• [Task to complete]: Only those lines from the one with "из оборонного завода" through the last line of the material belong in the answer, each repeated exactly.

• [Supplied material]:
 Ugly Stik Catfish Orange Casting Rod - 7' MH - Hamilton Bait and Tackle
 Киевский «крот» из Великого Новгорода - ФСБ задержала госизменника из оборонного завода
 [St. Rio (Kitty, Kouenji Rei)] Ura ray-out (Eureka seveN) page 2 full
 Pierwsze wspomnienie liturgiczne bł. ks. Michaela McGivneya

• [Task output]:
 Киевский «крот» из Великого Новгорода - ФСБ задержала госизменника из оборонного завода
 [St. Rio (Kitty, Kouenji Rei)] Ura ray-out (Eureka seveN) page 2 full
 Pierwsze wspomnienie liturgiczne bł. ks. Michaela McGivneya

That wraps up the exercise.